**Data section:**
* * * * *

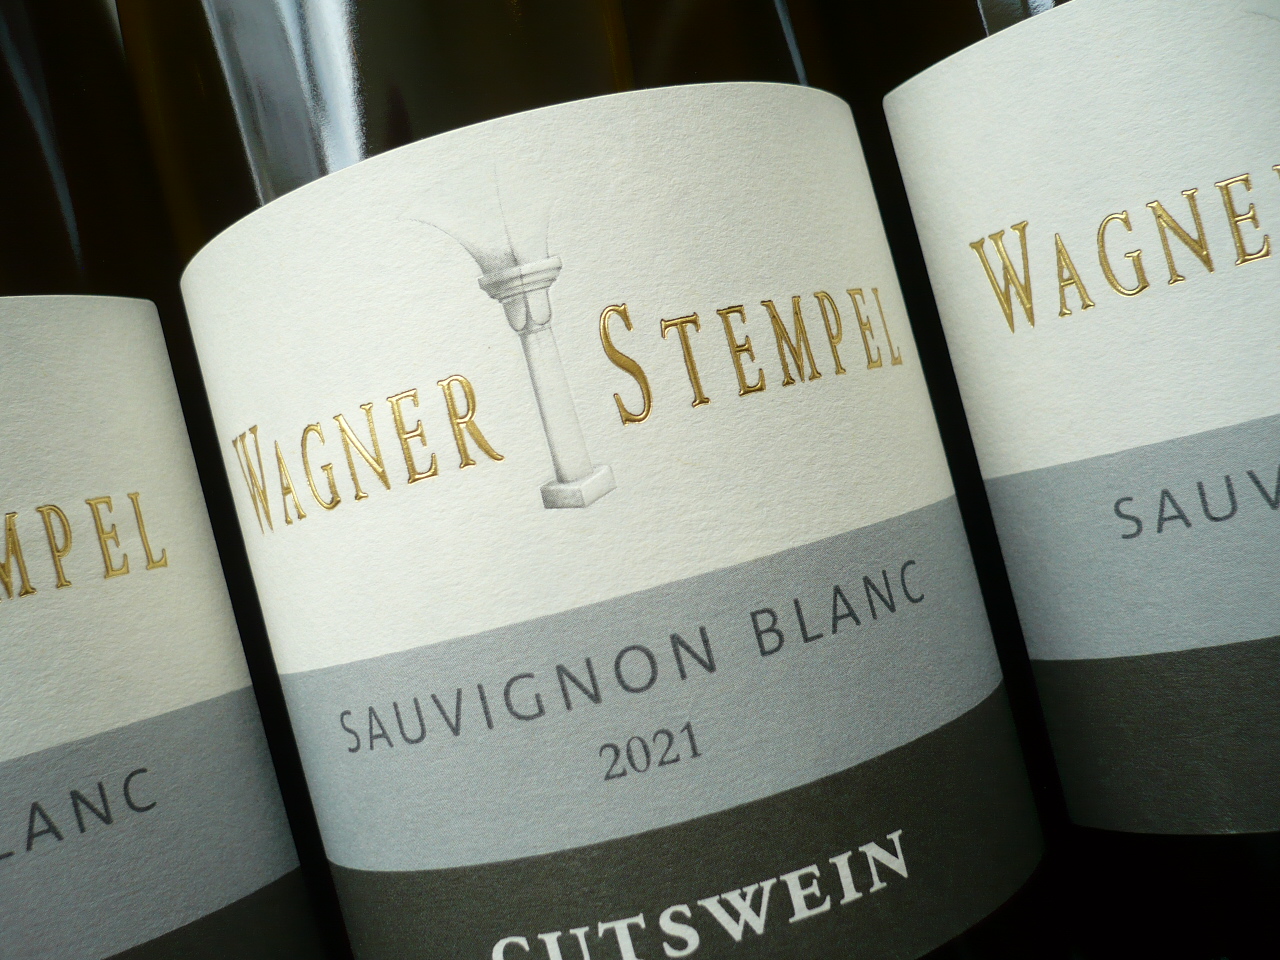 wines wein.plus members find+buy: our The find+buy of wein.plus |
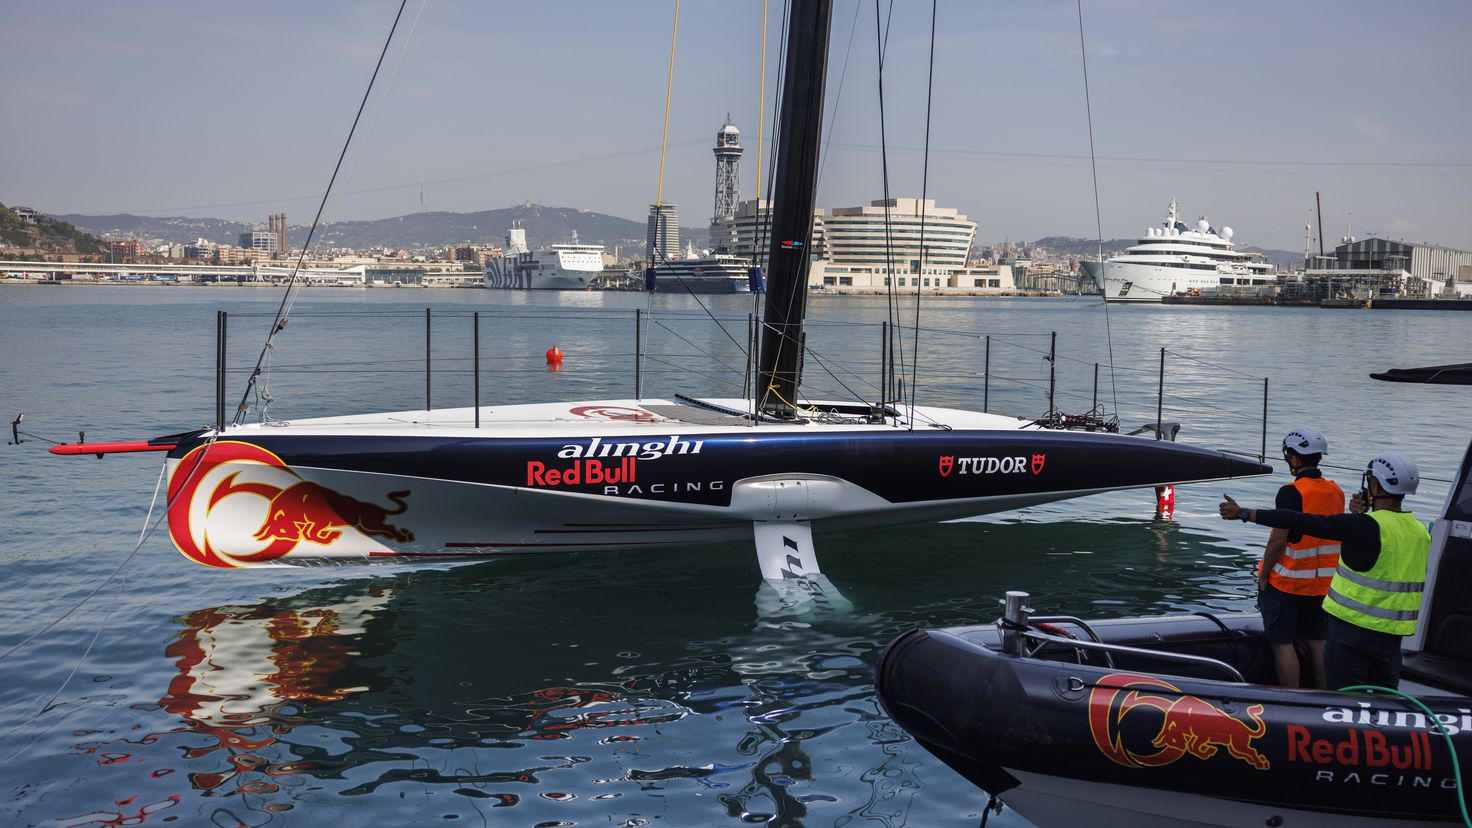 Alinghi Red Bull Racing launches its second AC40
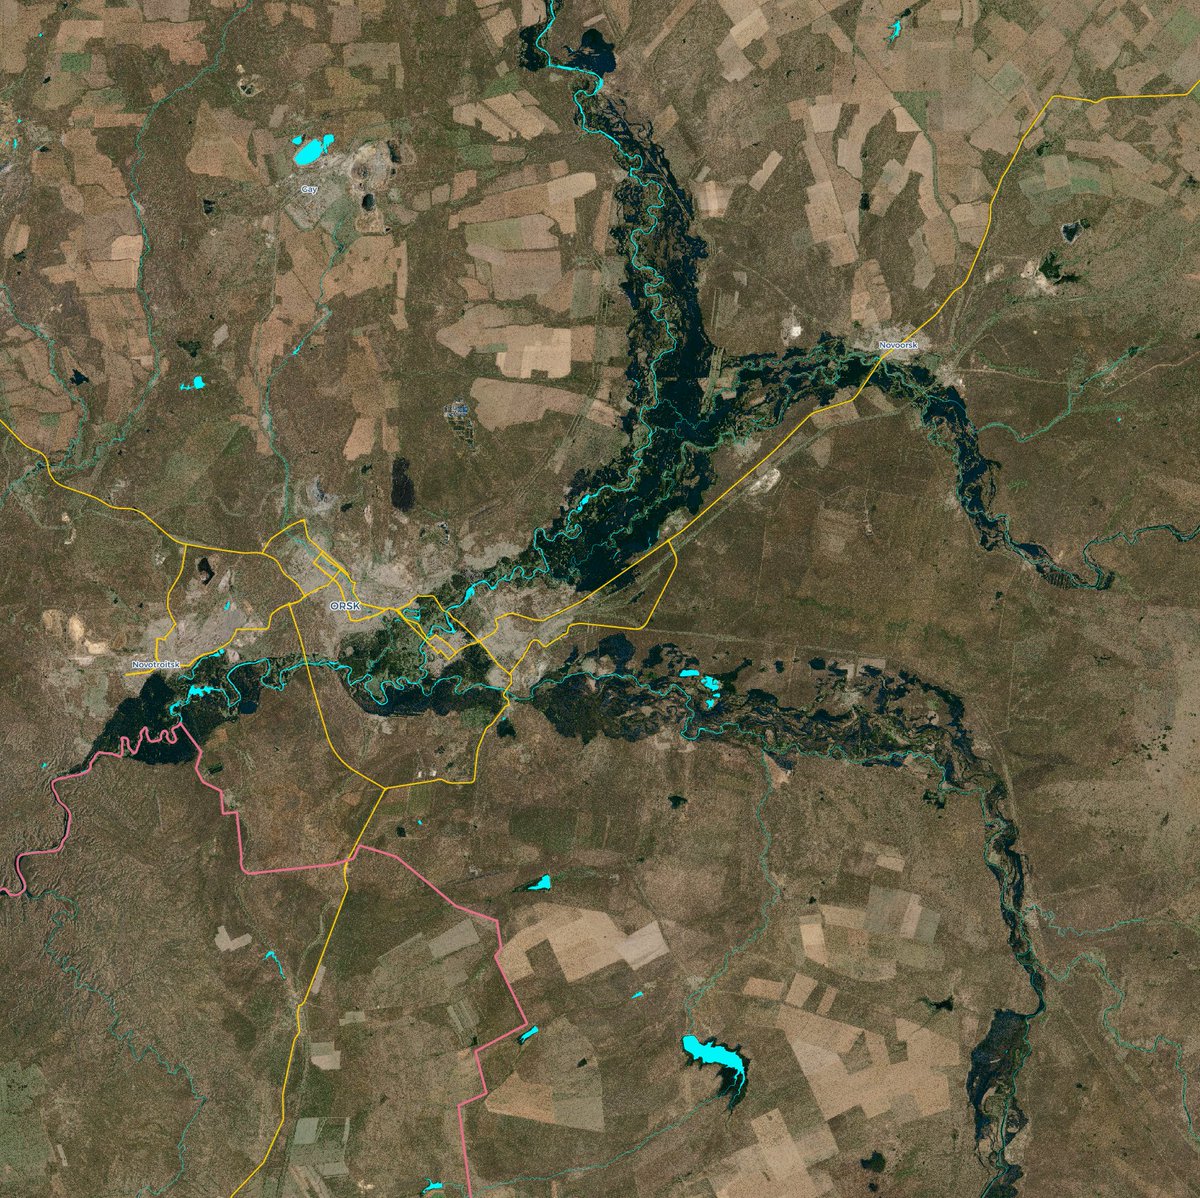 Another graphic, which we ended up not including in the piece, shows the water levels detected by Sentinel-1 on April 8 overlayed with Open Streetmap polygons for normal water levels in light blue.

* * * * *

**About this exercise:** For this exercise, transcribe the data above line by line, exactly, with pictures omitted.

**Problem solution:**
 wines wein.plus members find+buy: our The find+buy of wein.plus |
 Alinghi Red Bull Racing launches its second AC40
 Another graphic, which we ended up not including in the piece, shows the water levels detected by Sentinel-1 on April 8 overlayed with Open Streetmap polygons for normal water levels in light blue.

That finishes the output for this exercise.